Andrade Jorge: 'Exilado em minha terra'

“Então não permita Deus que eu morra/ sem ver um fio de esperança brilhar,/ sem ver a derrubada da masmorra,/ sem ver o Sabiá e o povo,/ aqui de novo, cantar..”

 

Assim versejou Dias na Canção do Exílio:

“Minha terra tem palmeiras,
Onde canta o Sabiá;
As aves, que aqui gorjeiam,
Não gorjeiam como lá.

Nosso céu tem mais estrelas,
Nossas várzeas têm mais flores,
Nossos bosques têm mais vida,
Nossa vida mais amores….”

 Será?

Hoje na minha terra a palmeira

ainda é verdejante

mas as aves em revoada,

entristecidas gorjeiam pra la.

 

O nosso céu ainda azul

impávido assiste esse colosso

deitar em catre, adoecido;

Nossas matas desmatadas,

nossos bosque sem flores,

nossa vida em teu seio, Mãe

chora as dores

de um povo maltratado e esquecido.

 

À noite fico cismando

qual é o meu prazer?

É ver diariamente um bando armado

distribuindo bala de aço sem lei

que rasga sem clemência a carne inocente?

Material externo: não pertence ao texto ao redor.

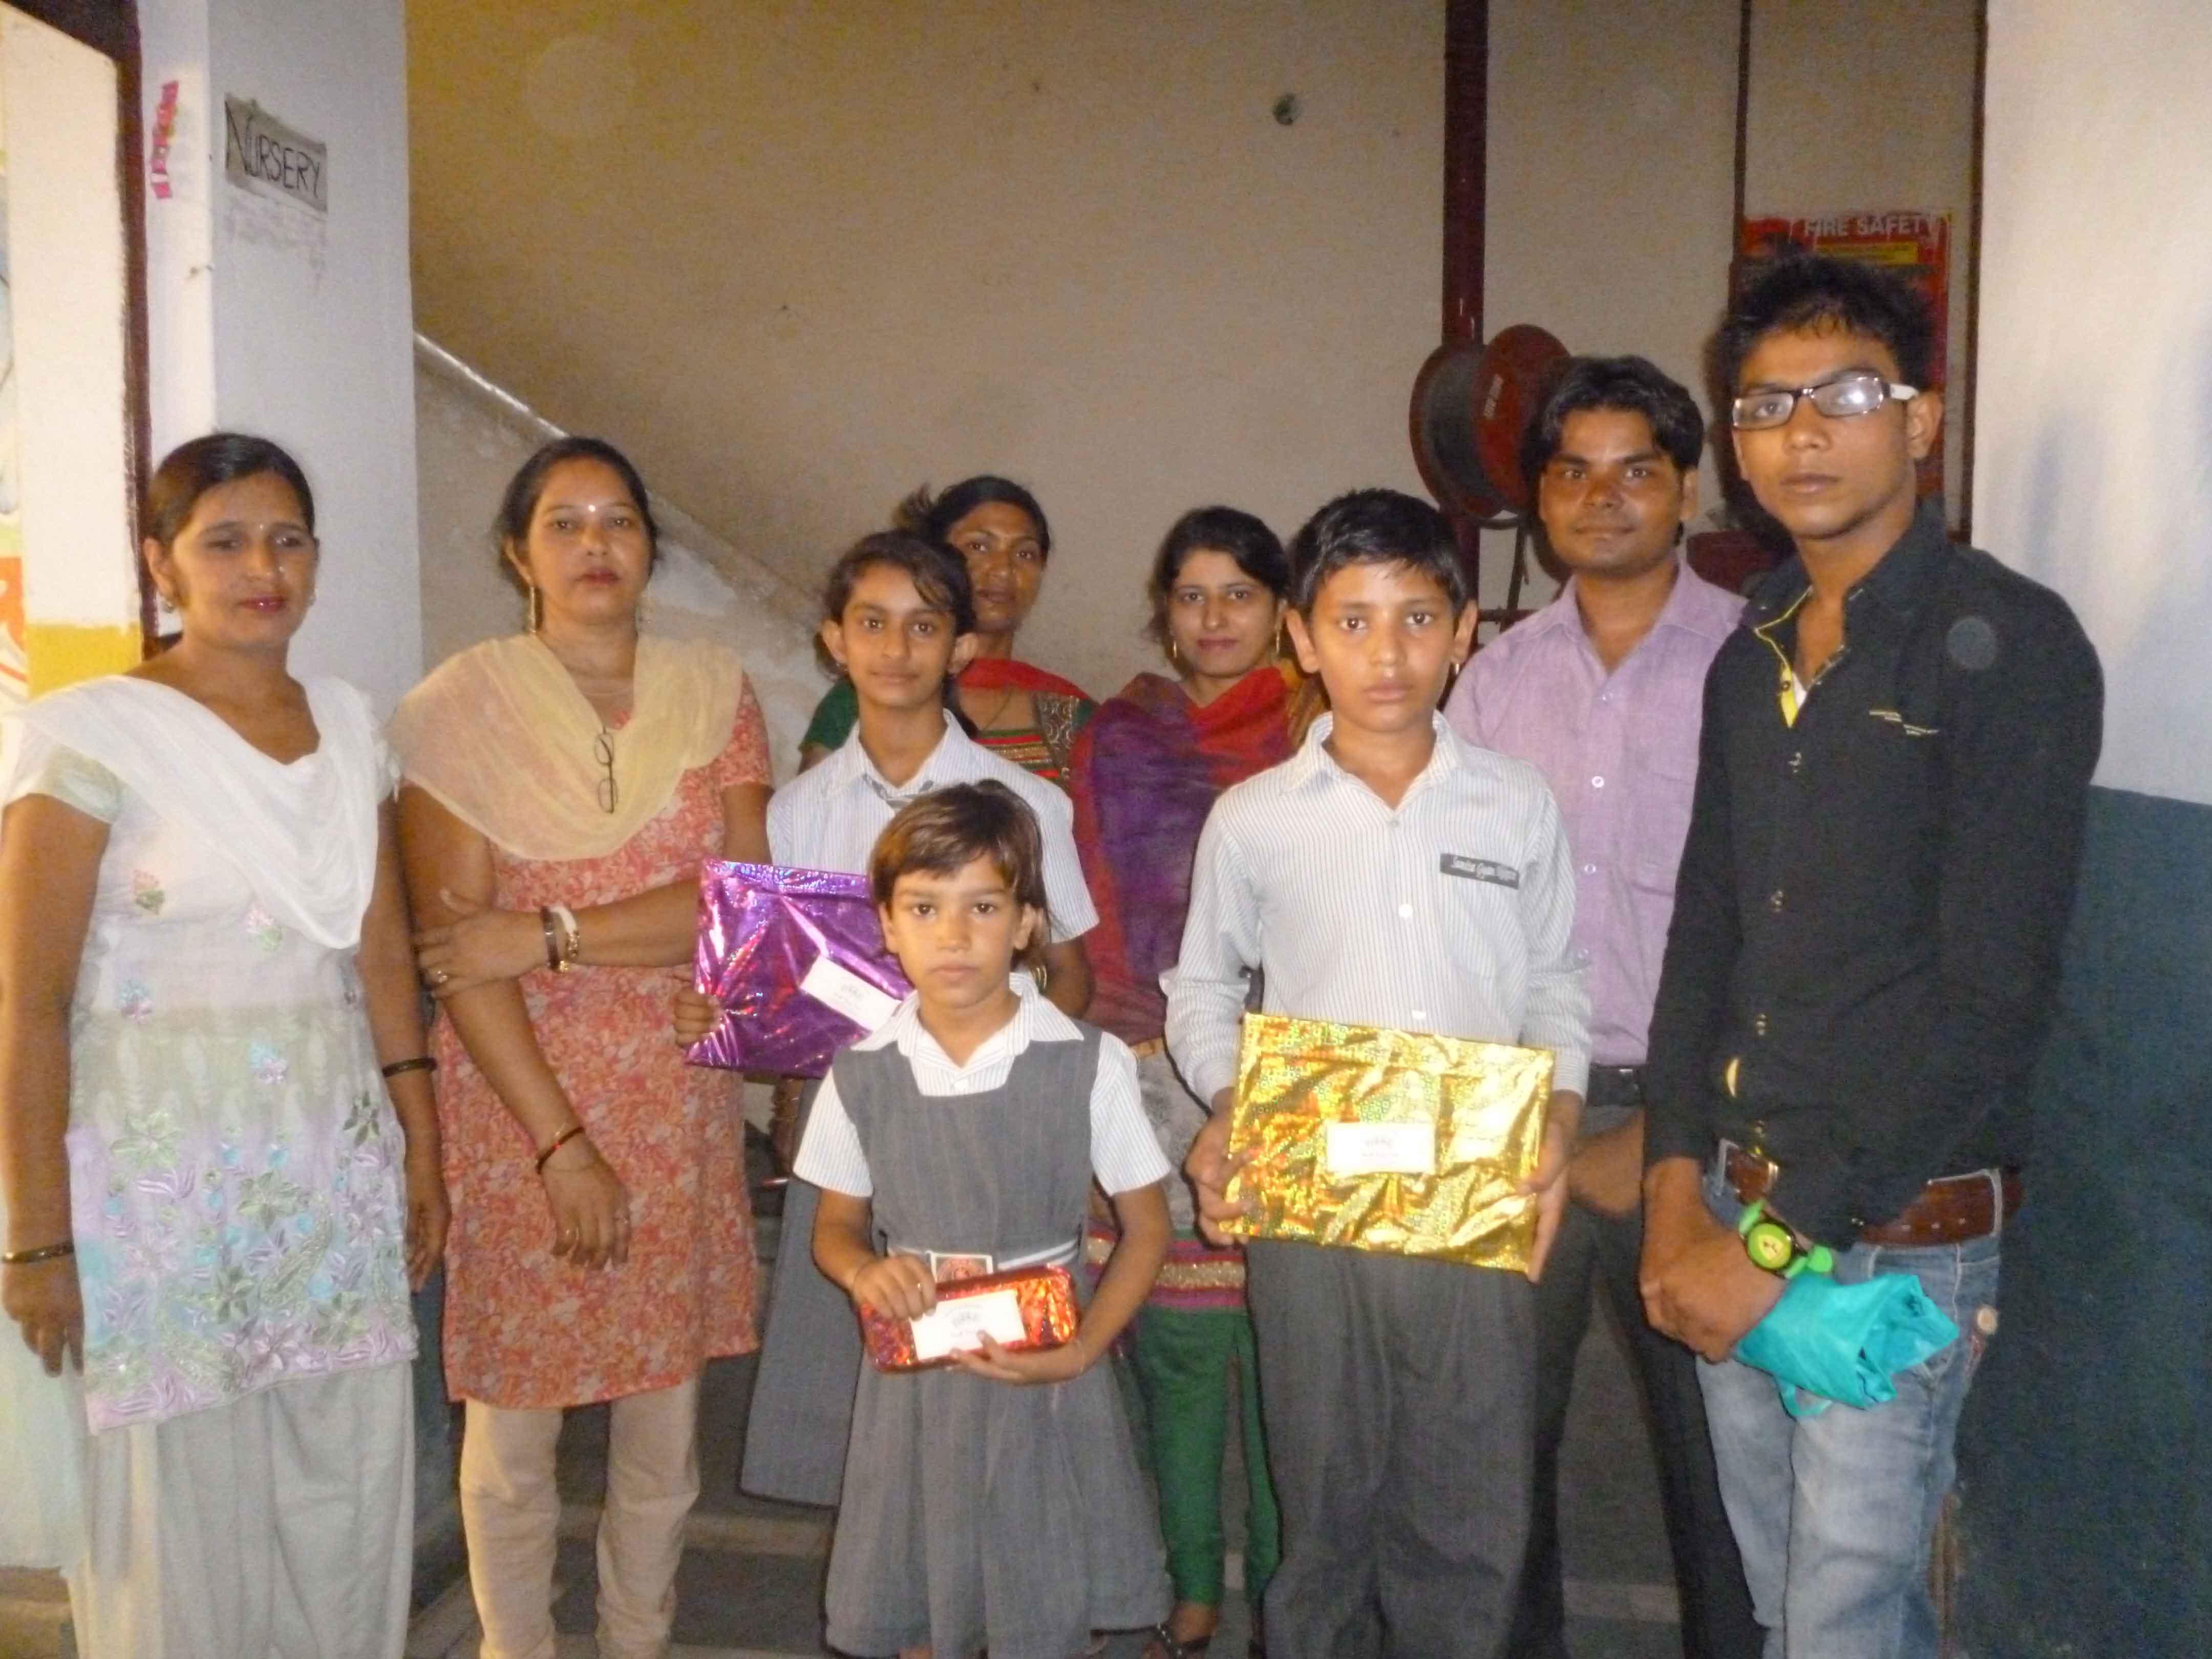 Sunita Gyan Niketan Public School, Chhwala, New Delhi
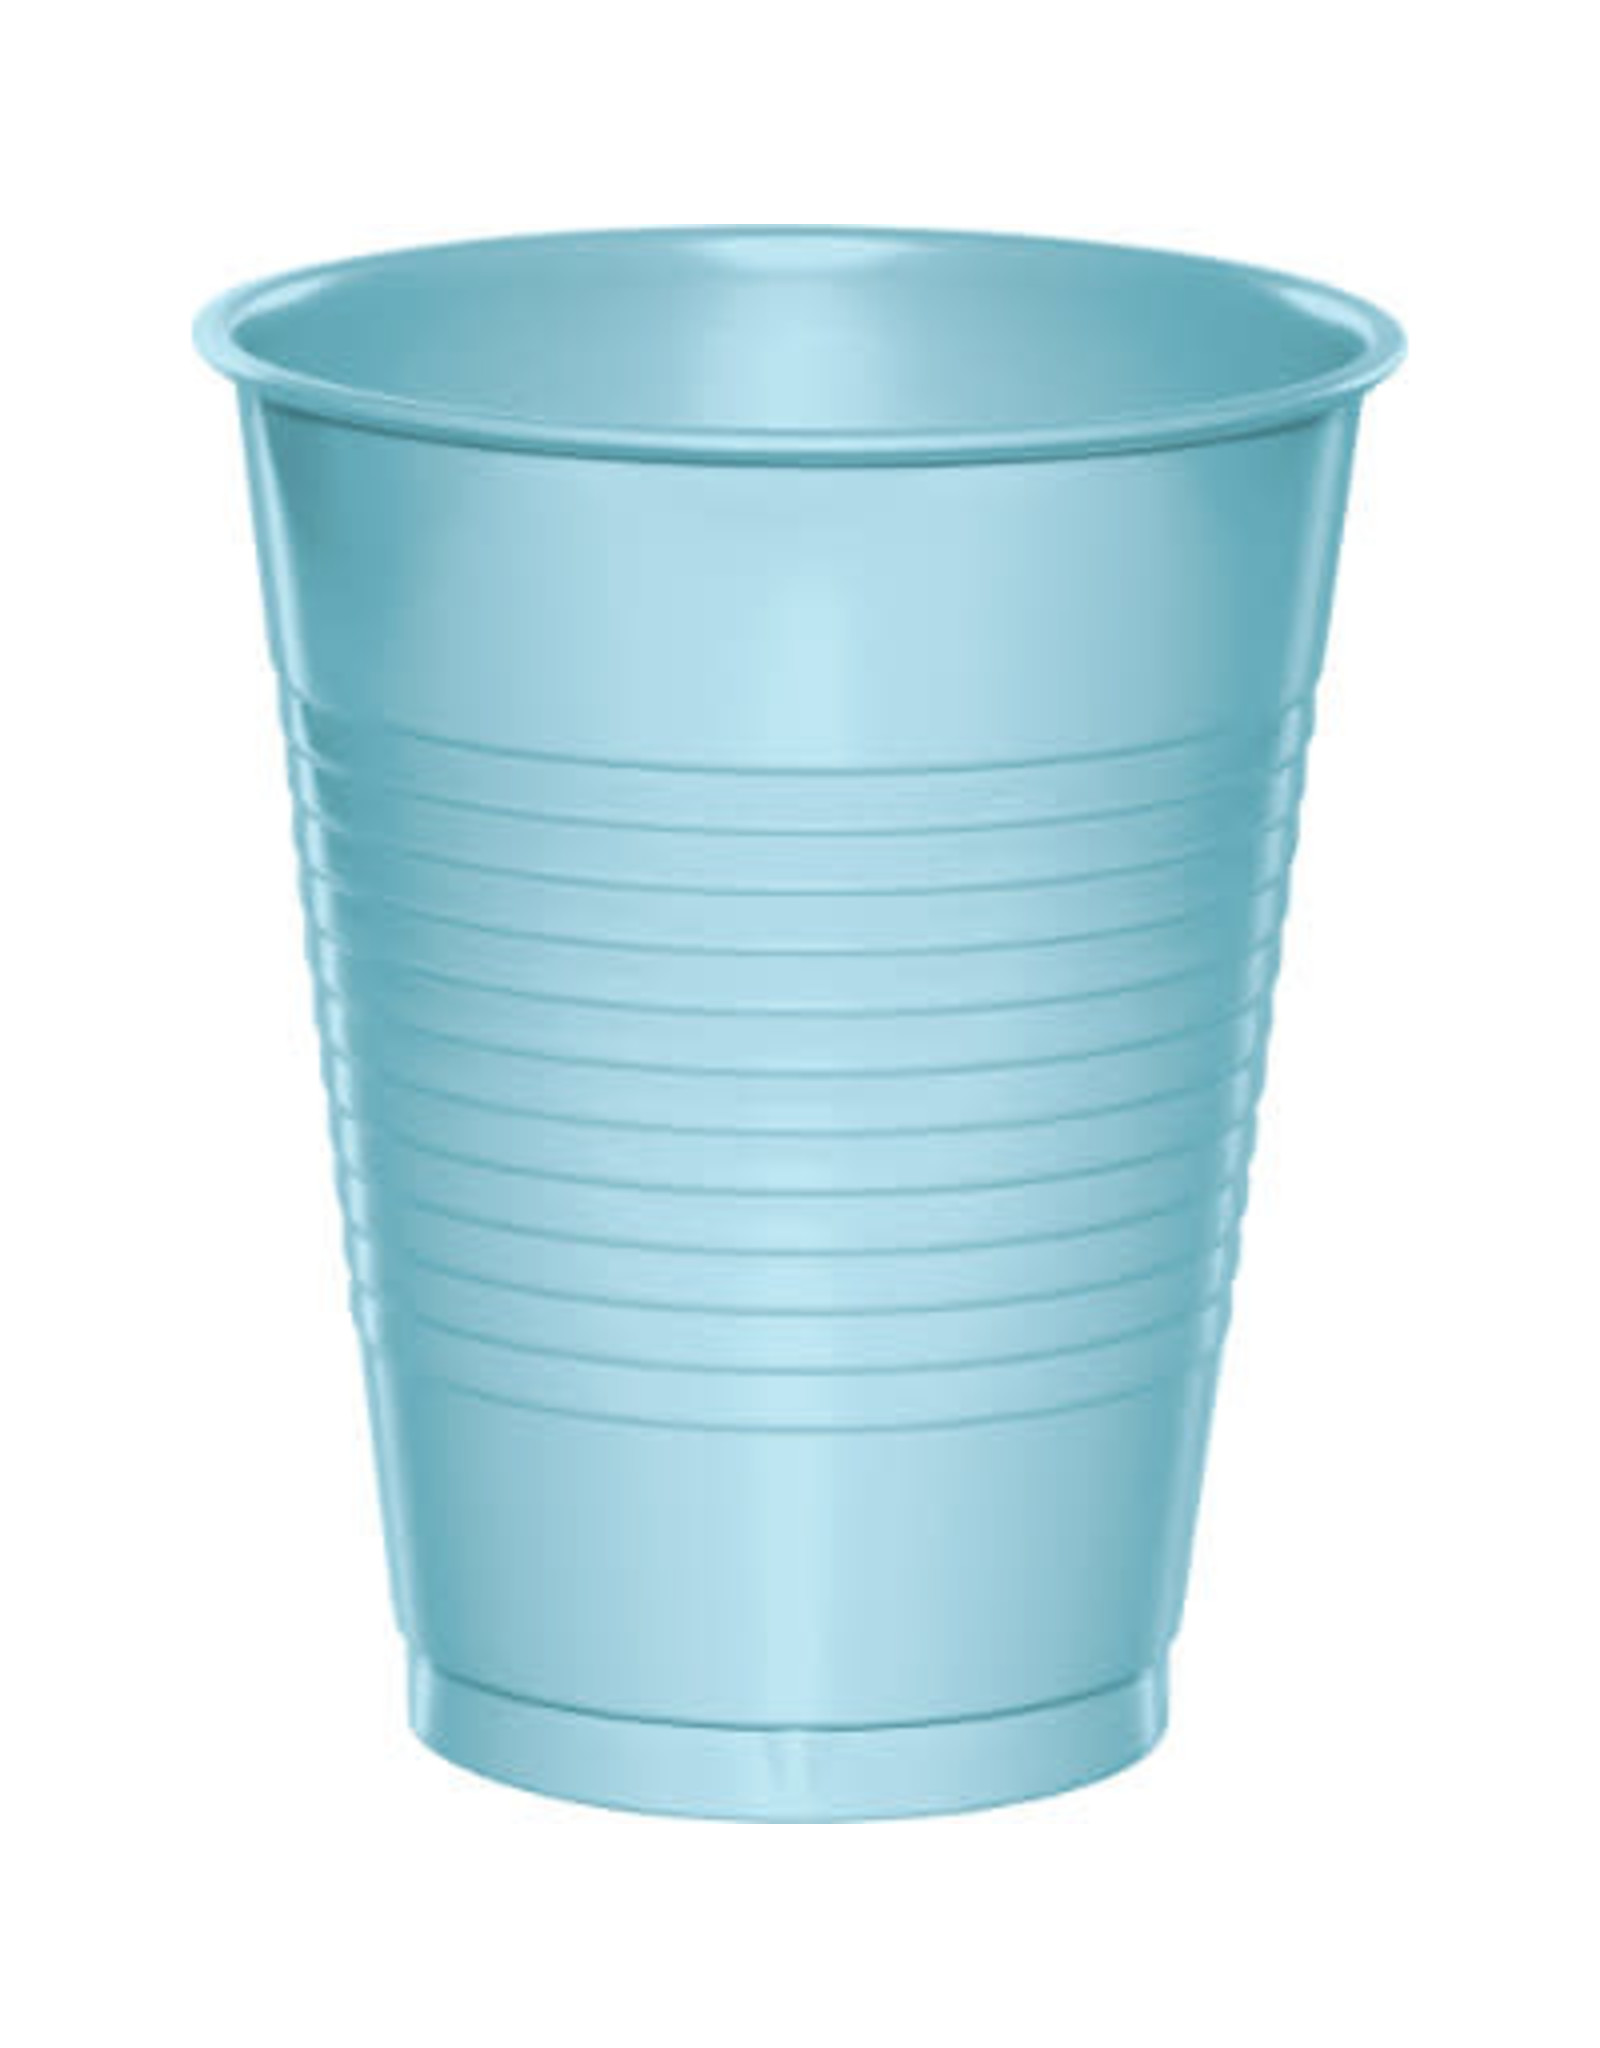 Touch of Color 16oz PASTEL BLUE PLASTIC CUPS

Sim, minha terra tem palmeira

Onde já não canta o Sabiá,

Mas tem gente!

onde resmunga os sem eira nem beira,

mas ecoa o riso fácil do rei.

 

Minha terra de antigos primores

escancara à minha cara as vilanias,

os prazeres são dissabores

nas cidades e cercanias.

 

Então não permita Deus que eu morra

sem ver um fio de esperança brilhar,

sem ver a derrubada da masmorra,

sem ver o Sabiá e o povo, aqui de novo, cantar.